▶ **Data segment**:
* * * * *

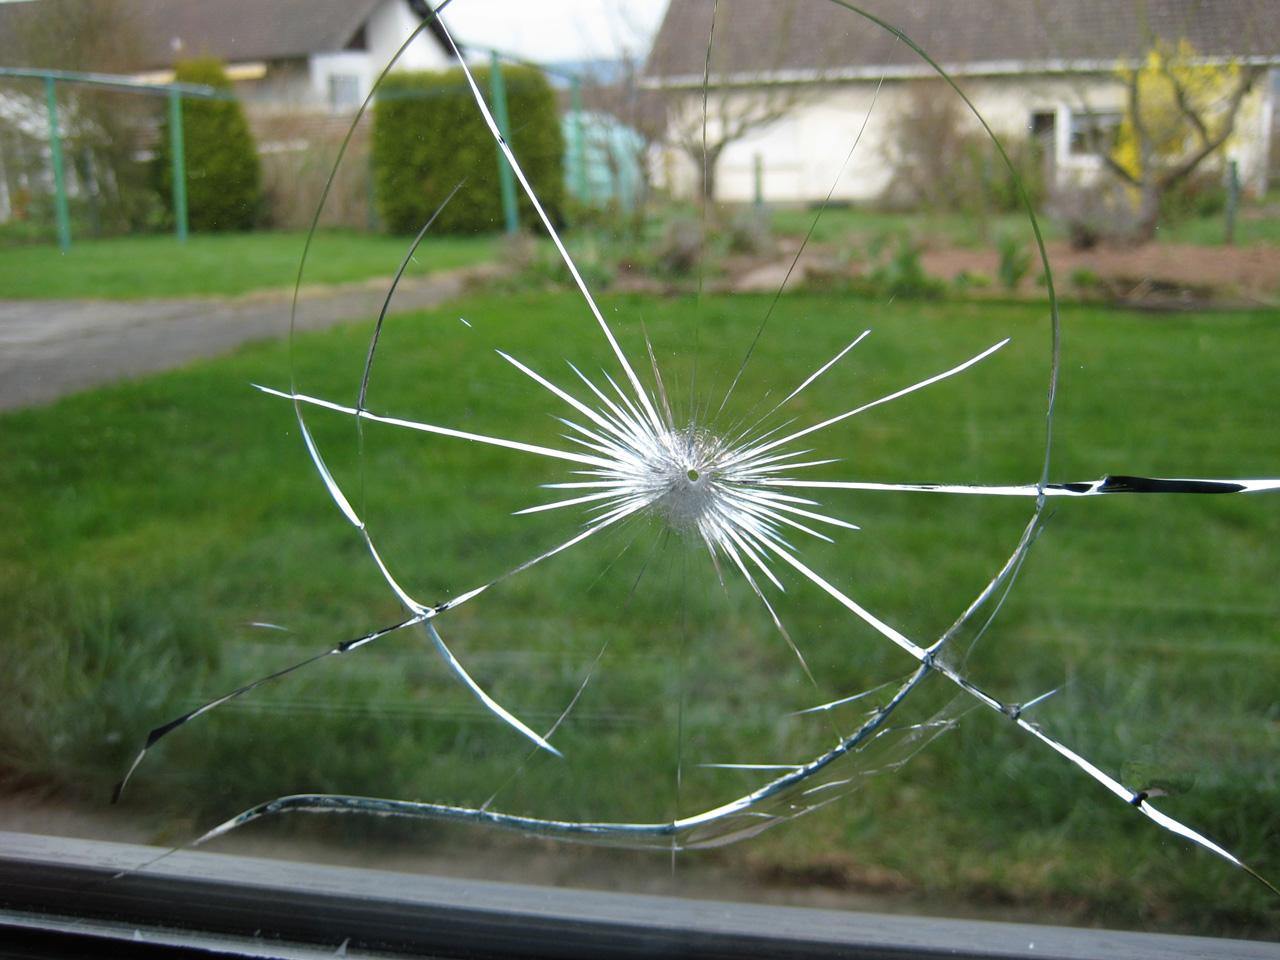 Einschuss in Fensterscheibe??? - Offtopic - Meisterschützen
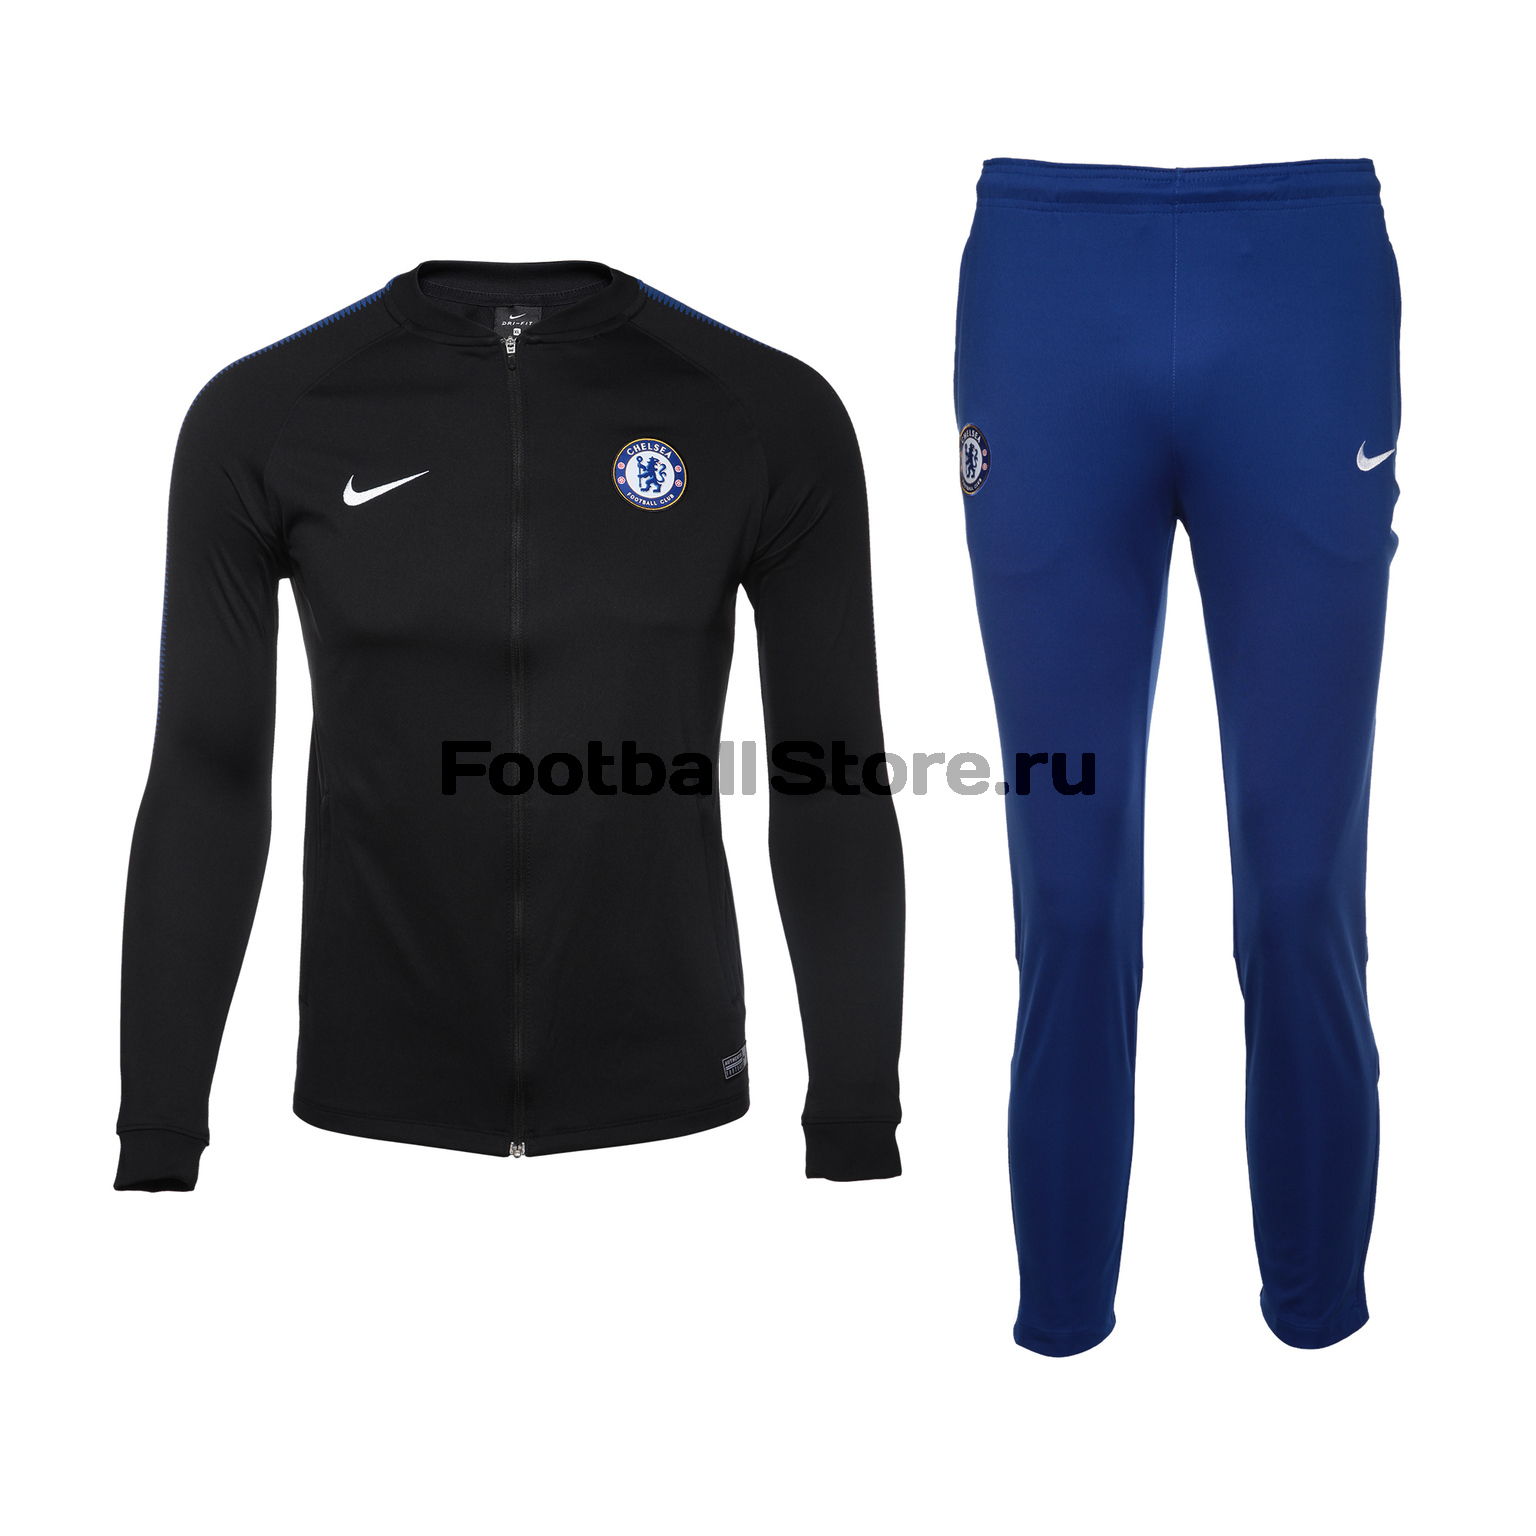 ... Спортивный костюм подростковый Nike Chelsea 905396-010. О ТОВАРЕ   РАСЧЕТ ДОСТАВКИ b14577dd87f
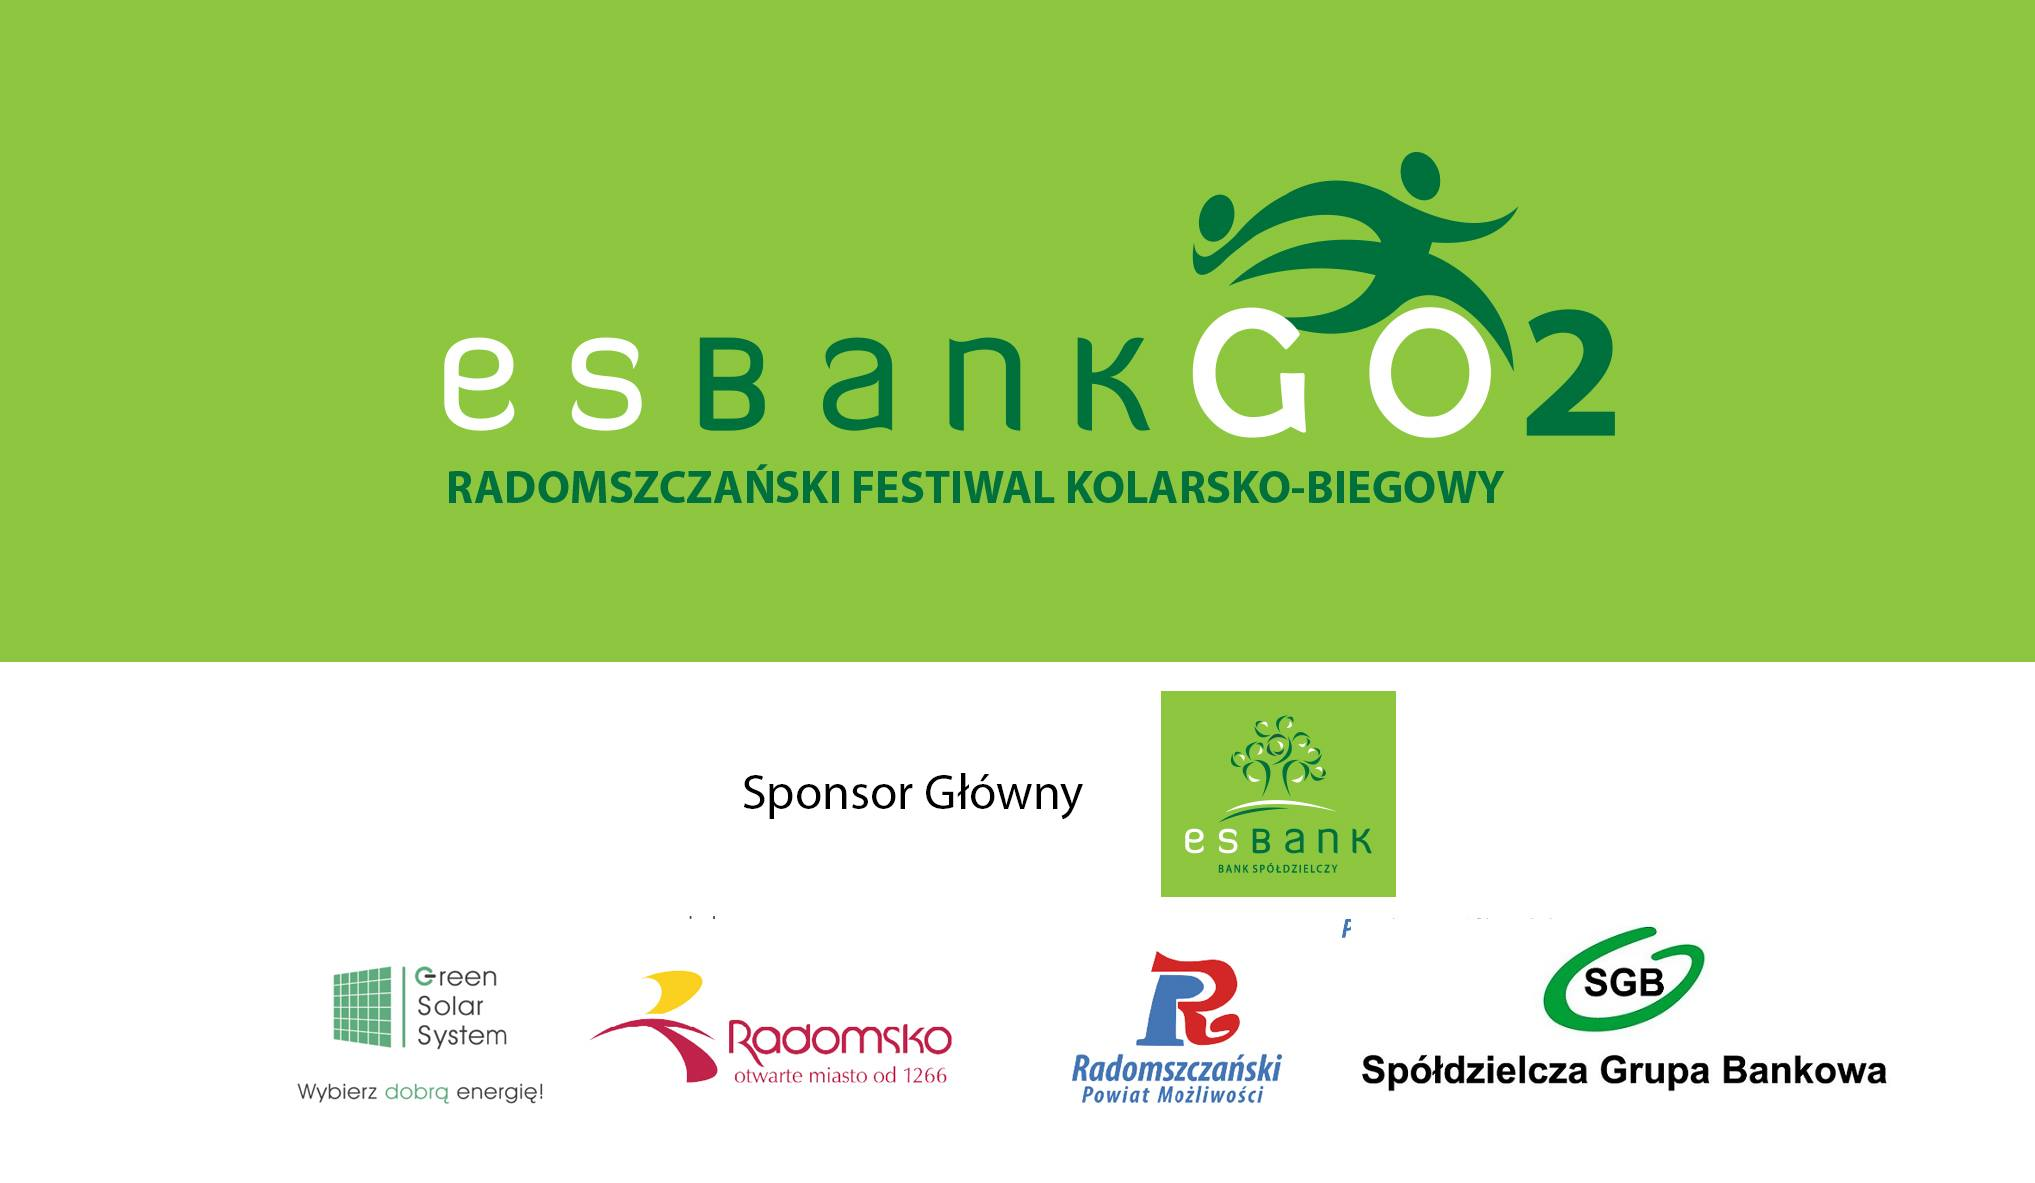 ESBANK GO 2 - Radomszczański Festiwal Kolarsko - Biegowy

* * * * *

What you output must match the data exactly, apart from the pictures, which are left out.

 Einschuss in Fensterscheibe??? - Offtopic - Meisterschützen
 ... Спортивный костюм подростковый Nike Chelsea 905396-010. О ТОВАРЕ   РАСЧЕТ ДОСТАВКИ b14577dd87f
 ESBANK GO 2 - Radomszczański Festiwal Kolarsko - Biegowy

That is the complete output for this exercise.